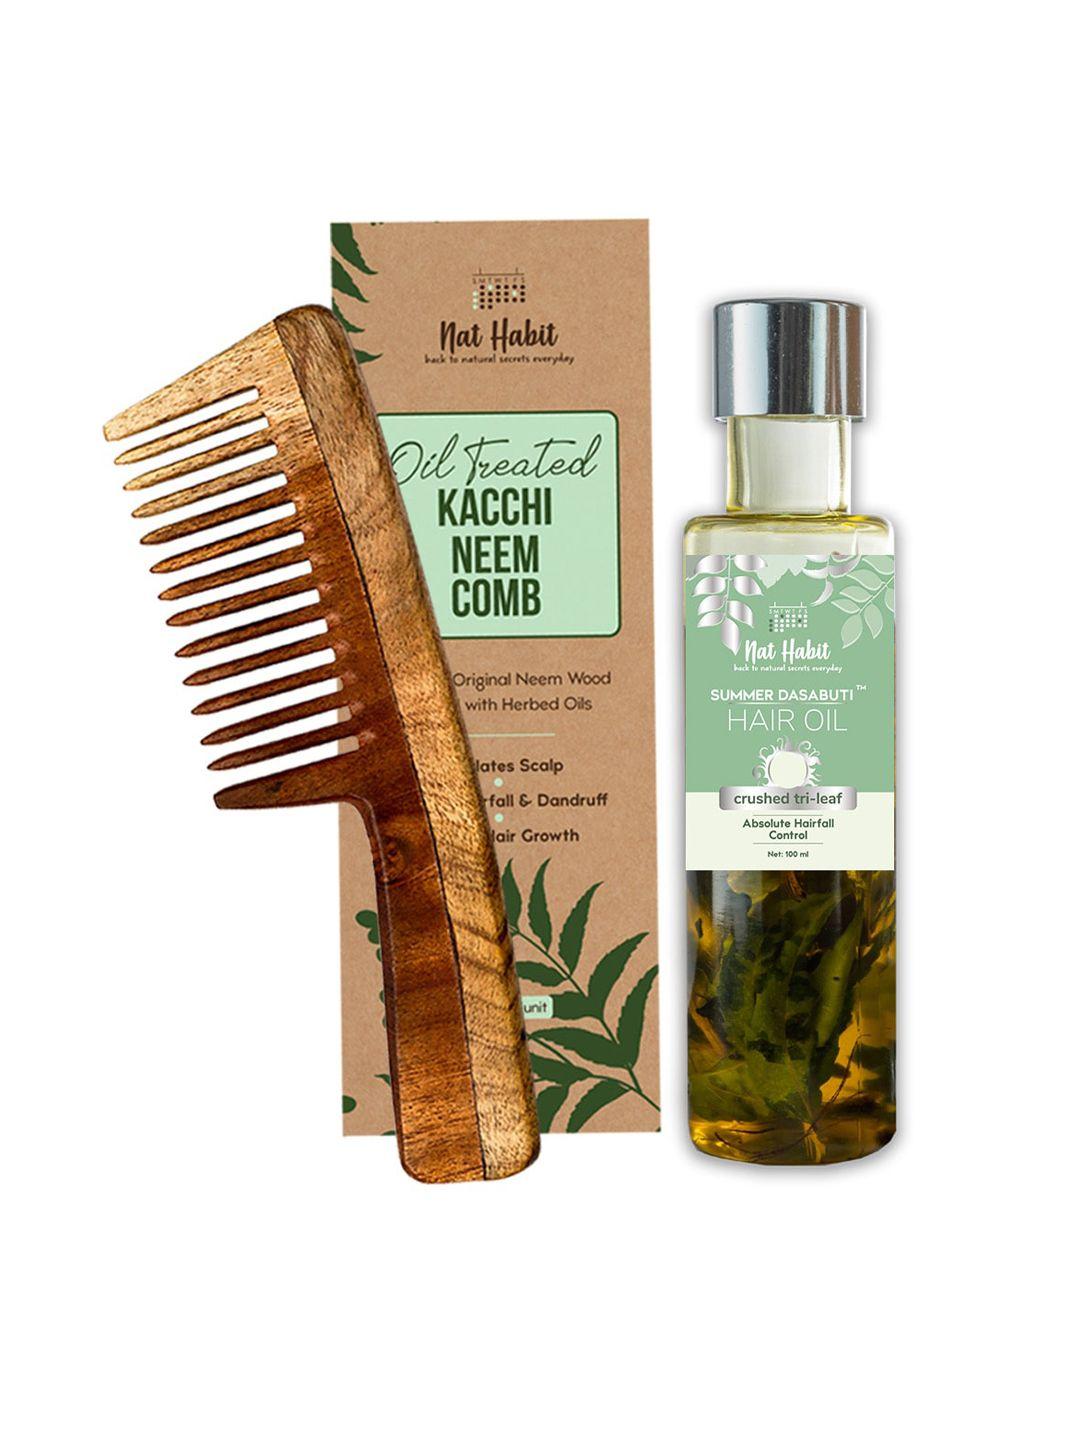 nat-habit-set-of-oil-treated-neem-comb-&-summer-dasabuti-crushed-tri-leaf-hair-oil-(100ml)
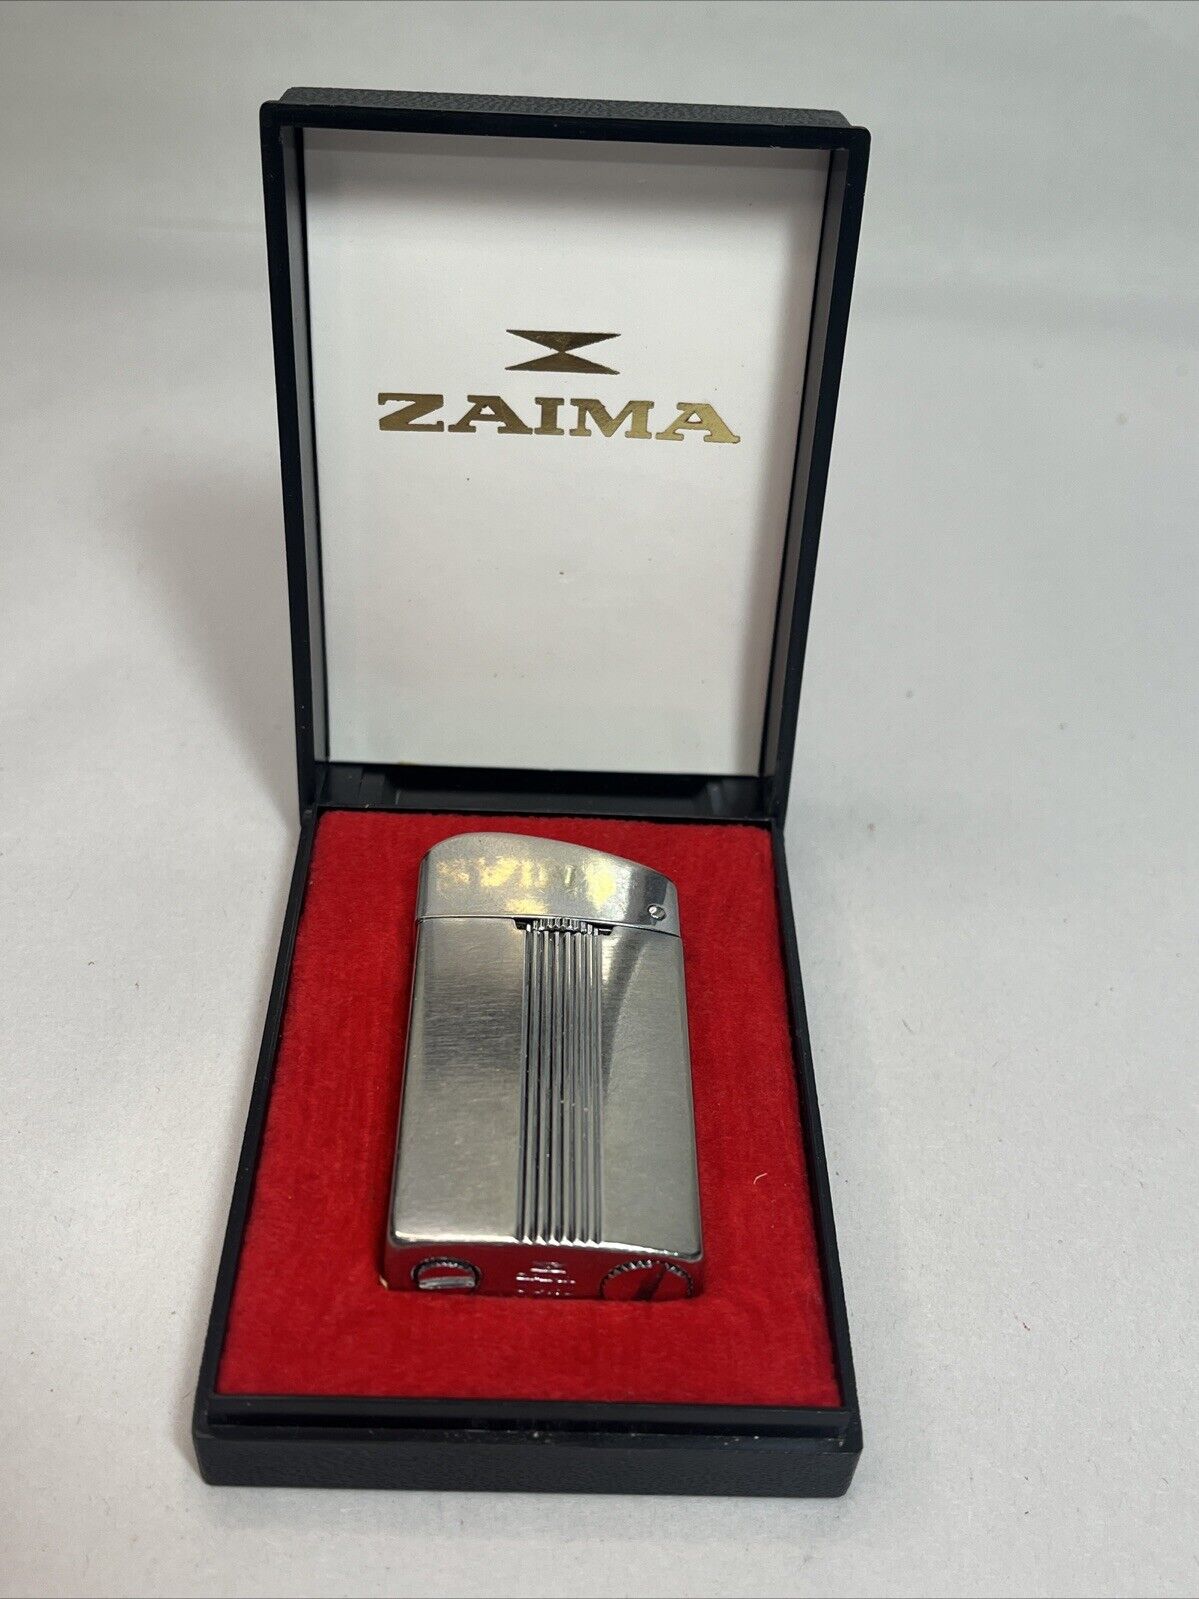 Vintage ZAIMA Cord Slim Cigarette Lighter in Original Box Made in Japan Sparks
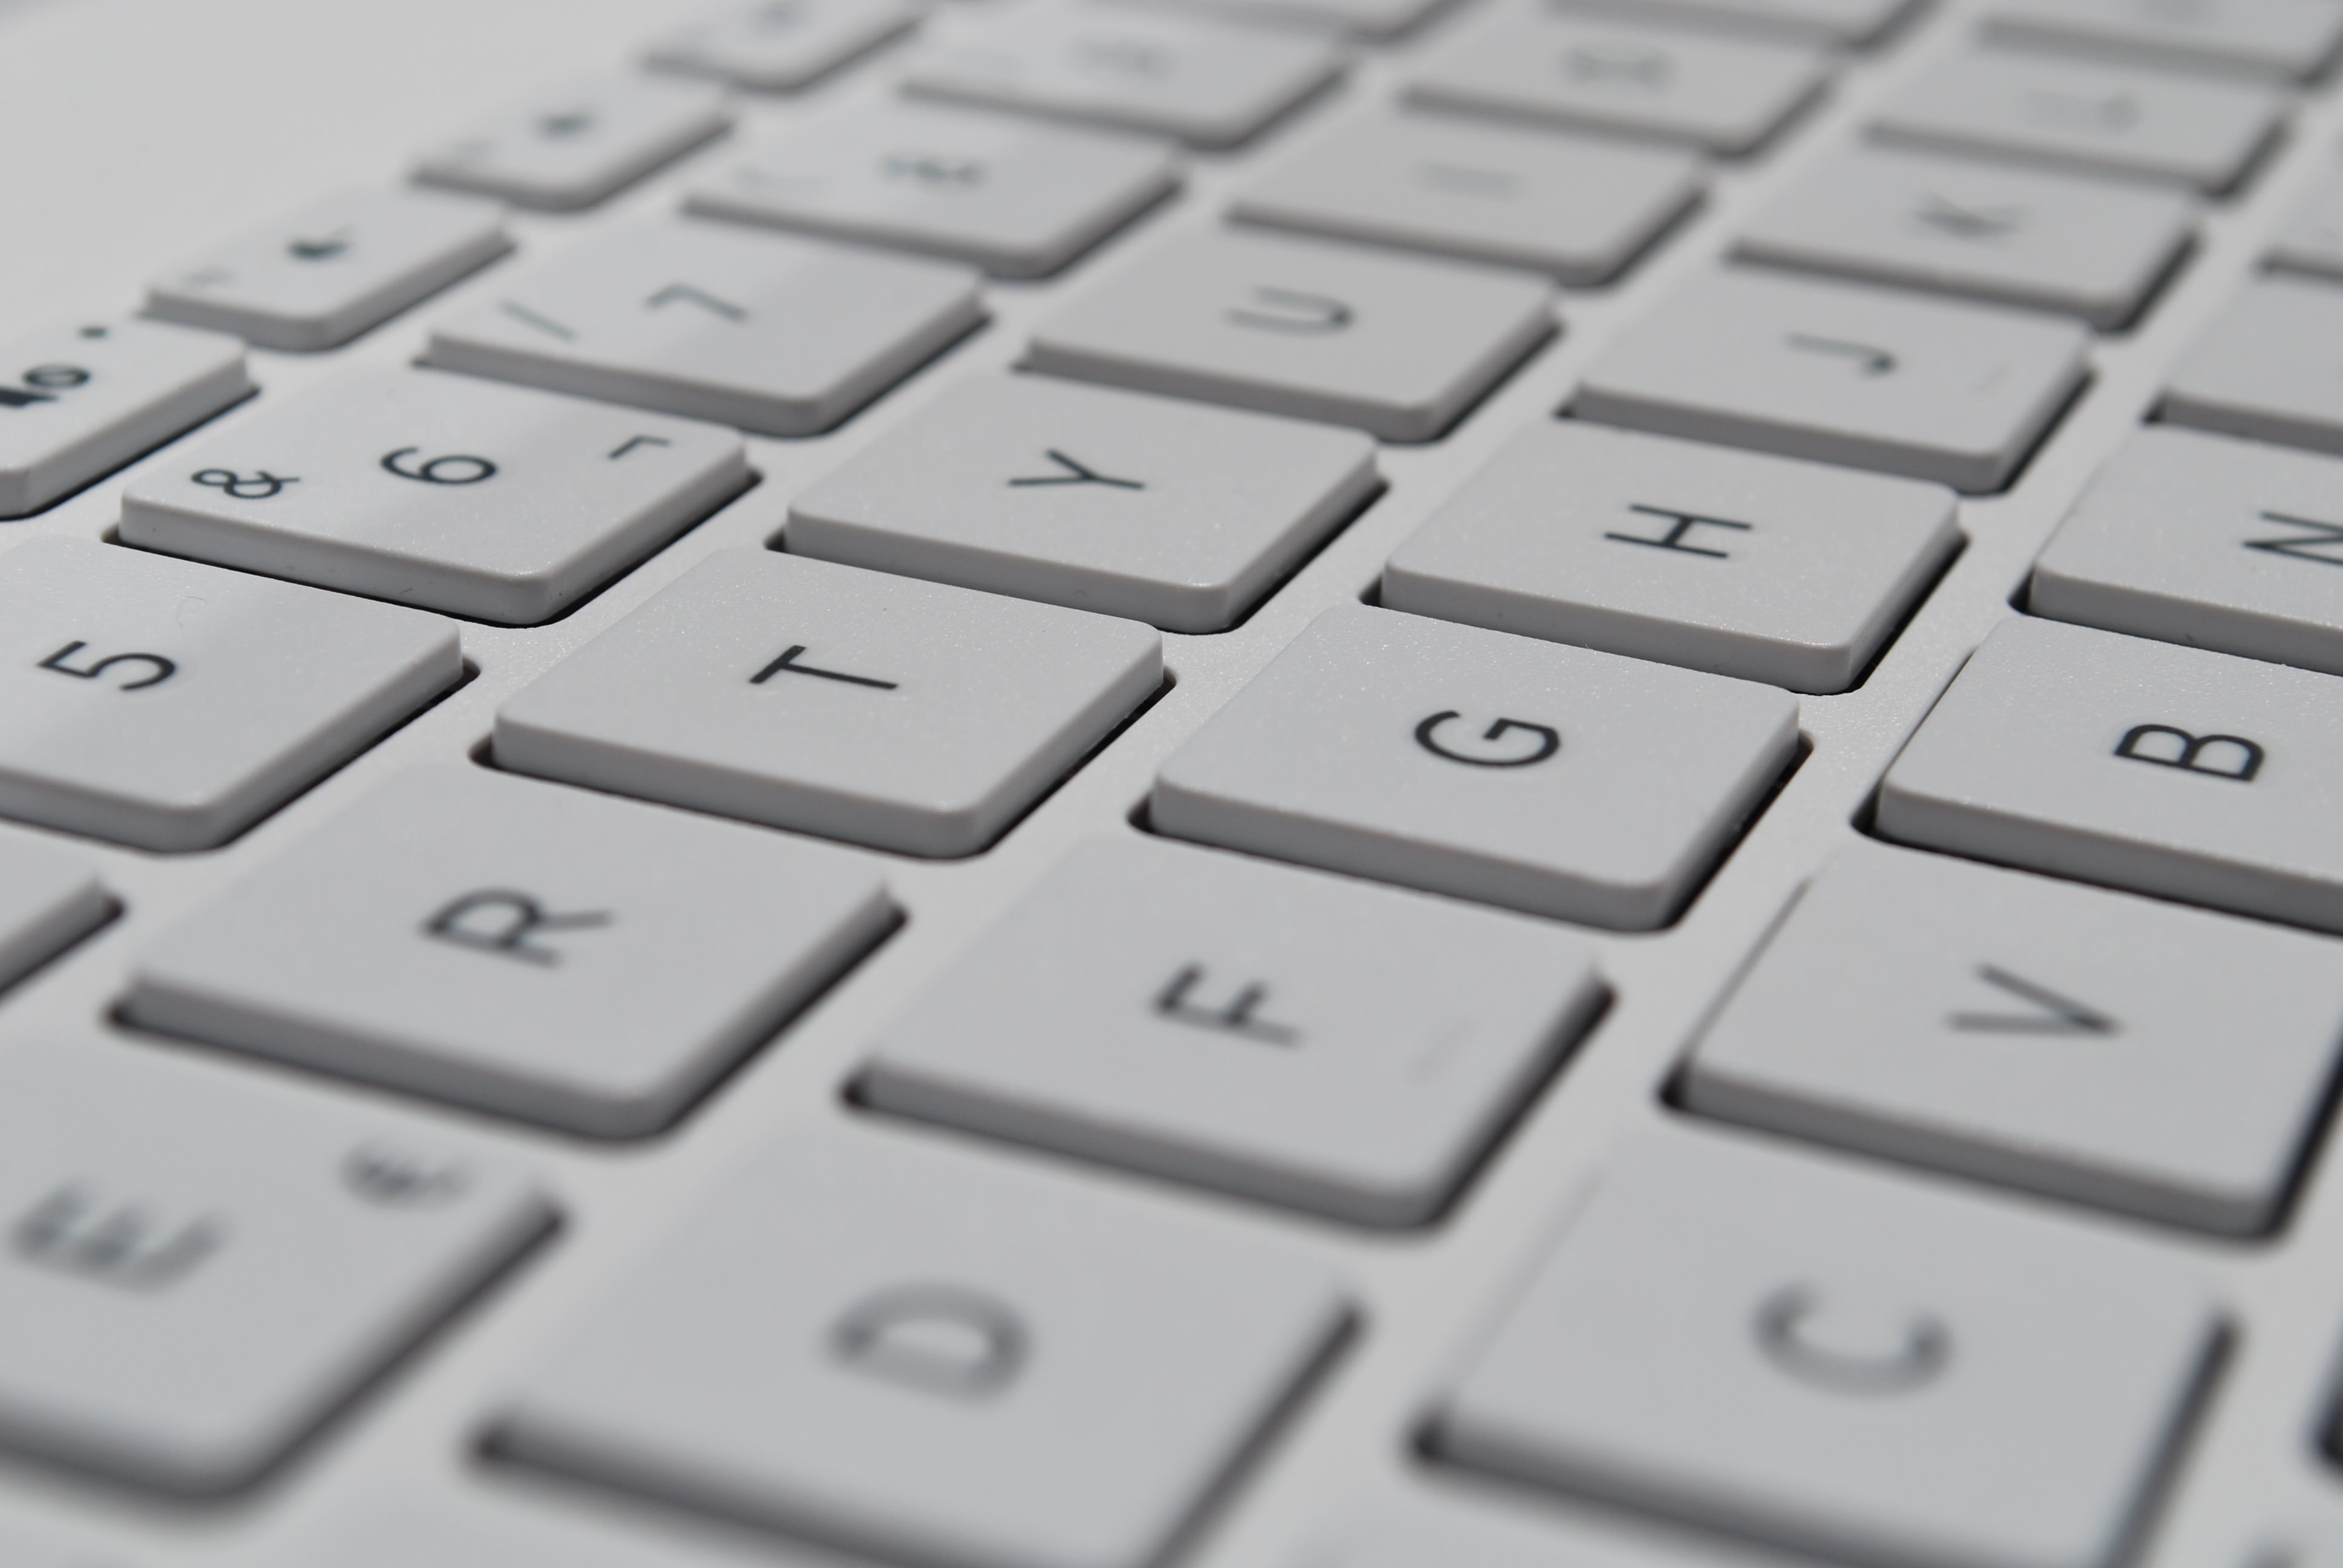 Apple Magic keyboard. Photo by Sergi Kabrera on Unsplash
########
Instructions to follow:
Exclude images. Return the data above verbatim.

Written solution:
 nat-habit-set-of-oil-treated-neem-comb-&-summer-dasabuti-crushed-tri-leaf-hair-oil-(100ml)
 Vintage ZAIMA Cord Slim Cigarette Lighter in Original Box Made in Japan Sparks
 Apple Magic keyboard. Photo by Sergi Kabrera on Unsplash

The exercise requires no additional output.